Gray Death. What You Need to Know.

What is gray death?

Gray death is an illicit opioid combination of powerful and dangerous drugs that have led to several fatal overdoses in the U.S. in 2017. The designer, synthetic drug is said to be many more times potent than heroin. Overdoses have been reported in Alabama, Georgia, Florida, Indiana, Pennsylvania, and Ohio.

What’s exactly in gray death can vary from batch to batch, which makes it even more dangerous. It could contain heroin, fentanyl, or carfentanil – three extremely potent narcotics – or all three. It can be a toxic mix of other narcotics or illegal drugs, too:

  • heroin
  • fentanyl 
  • carfentanil
  • U-47700 (pink)
  • possibly other opioids or unidentified drugs or toxins

How dangerous is gray death?

Gray death is extremely dangerous, even in a very small dose. A user typically will not know what is contained in the mix when they use it, and the product is often fatal.

The number of cases of abuse or overdoses of gray death that exist are also not known.
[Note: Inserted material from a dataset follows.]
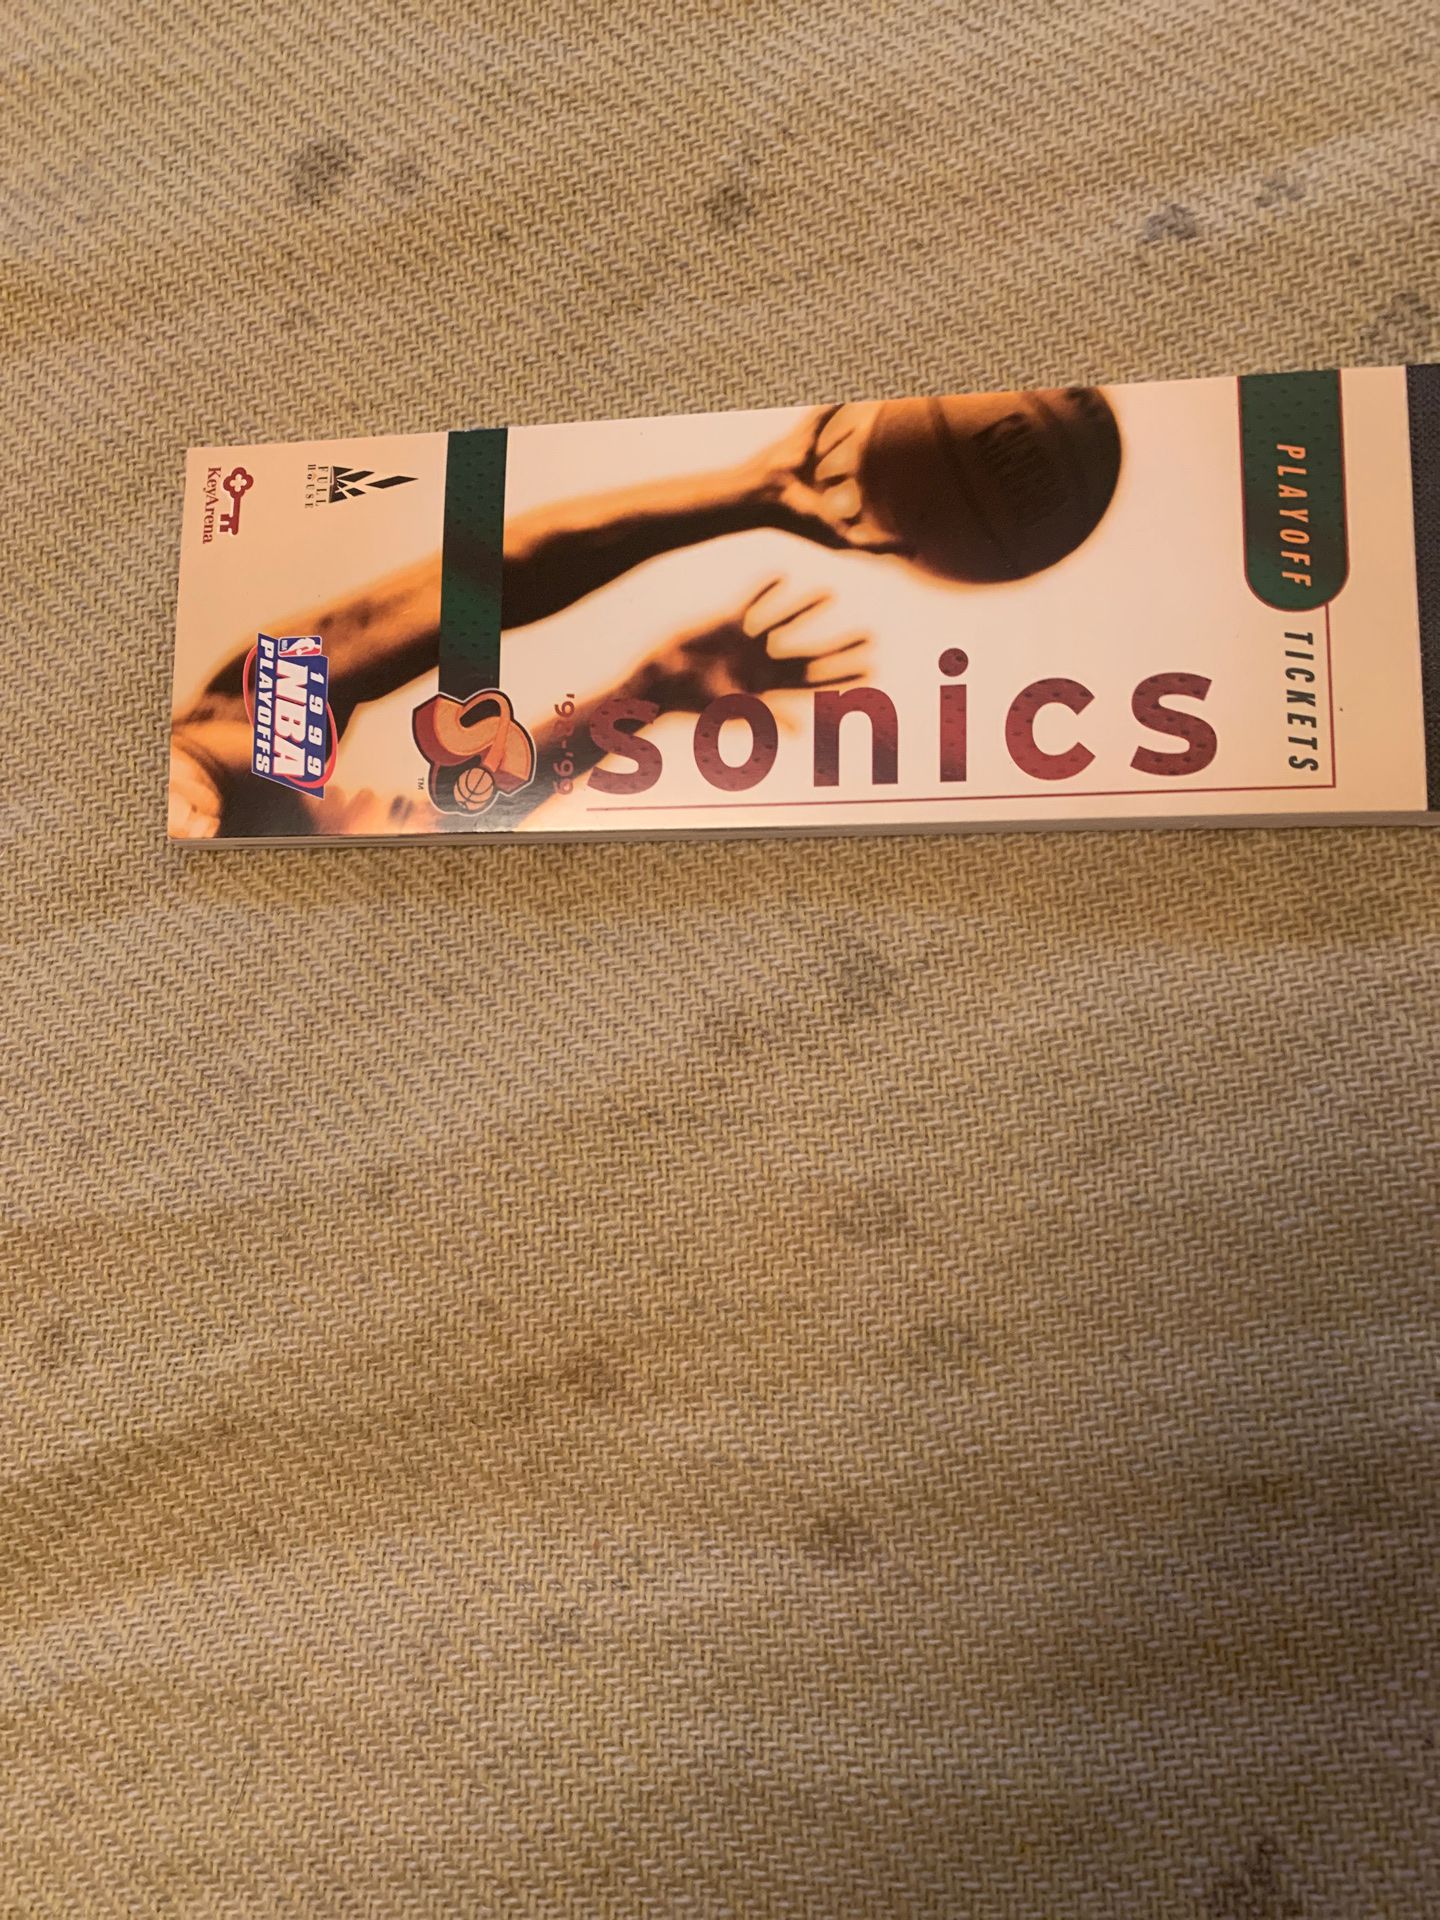 Sonics Playoff Tickets 1998-99 Full Book of 15 Tickets Never torn out of book

As reported by the Georgia Bureau of Investigations (GBI) crime labs, roughly 50 cases containing the synthetic opioid U-47700 and furanyl fentanyl have been identified, although many more probably exist. In addition, some of the confiscated drugs contained 3 or 4 extra opioids.

Avoid contact with bare skin. Because furanyl fentanyl and U-47700 are lethal at very low doses, law enforcement, health care providers, and the public should use extreme caution when handling these drugs. Gray death powder can be inhaled or absorbed through the skin and can be extremely toxic, even in the smallest quantities, and rapidly lead to fatal respiratory depression.

Law enforcement officials have been warned to use extreme caution and wear personal protective equipment when confiscating, handling or packaging any synthetic opioid, including gray death. However, some reports state that even protective gloves may not be enough. An officer in Ohio recently accidentally overdosed on the gray death when he touched the drug during an arrest.

Carfentanil, a large animal tranquilizer often used to anesthetize elephants, has been found in the product. If carfentanil is mixed in the product, it could add to the rapidly lethal effect. Carfentanil is 100 times more potent than fentanyl and 10,000 times more potent than morphine.

Even in their unadulterated, legal prescription form, opioid drugs are known to cause many deaths. According to the Centers for Disease Control and Prevention (CDC), on average, 130 Americans die every day from an opioid overdose which can include prescription oral painkillers, heroin, and fentanyl. Nearly half of all opioid overdose deaths involved a prescription opioid.

The extent of use

The extent of use of gray death is not fully known, as it first appeared on the streets only in 2017. The state of Georgia has reported at least 17 overdoses, at least 6 deaths from U-47700 and 12 deaths from furanyl fentanyl, plus over 50 reports of the drug in use.

What does gray death look like?

Experts are still trying to determine the exact details of gray death. Gray death, as it’s name would imply, has a gray or ashen color and appears like concrete mixing powder, in chunks, or in rocks. According to the Georgia Bureau of Investigations, the drugs are distributed in either powder or tablet form. But the identity of any illicit drug is always in question on the street; manufactured in foreign labs the identity, purity, and quantity of any substances are usually not known.

How do you use gray death?

Gray death has been consumed by most routes typical of drug abusers:

  • injection
  • smoking
  • snorting
  • consuming it orally


The users goal is to gain the euphoric effects of opiates; however, the lethal, depressive effects on breathing probably take over quickly with this illegal drug. Effects can include:

  • shallow breathing
  • pinpoint pupils
  • nausea or vomiting
  • dizziness
  • lethargy
  • cold or clammy skin
  • loss of consciousness
  • heart failure

Can you reverse the effects of gray death?

Some reports have noted gray death could be resistant to naloxone (Narcan). First responders should immediately call 911 or other emergency personnel.

  • If the drugs contained within the gray death are of opiate origin, naloxone may be an effective antidote; however, multiple doses of naloxone (Narcan) will probably be required. As one health expert physician has noted, reversal of the effects could take up to 5 to 10 naloxone doses, which most people do not have on hand.
  • Naloxone will not have an effect on other drugs in the mixture, such as benzodiazepines, barbiturates, or other non-opiate drugs.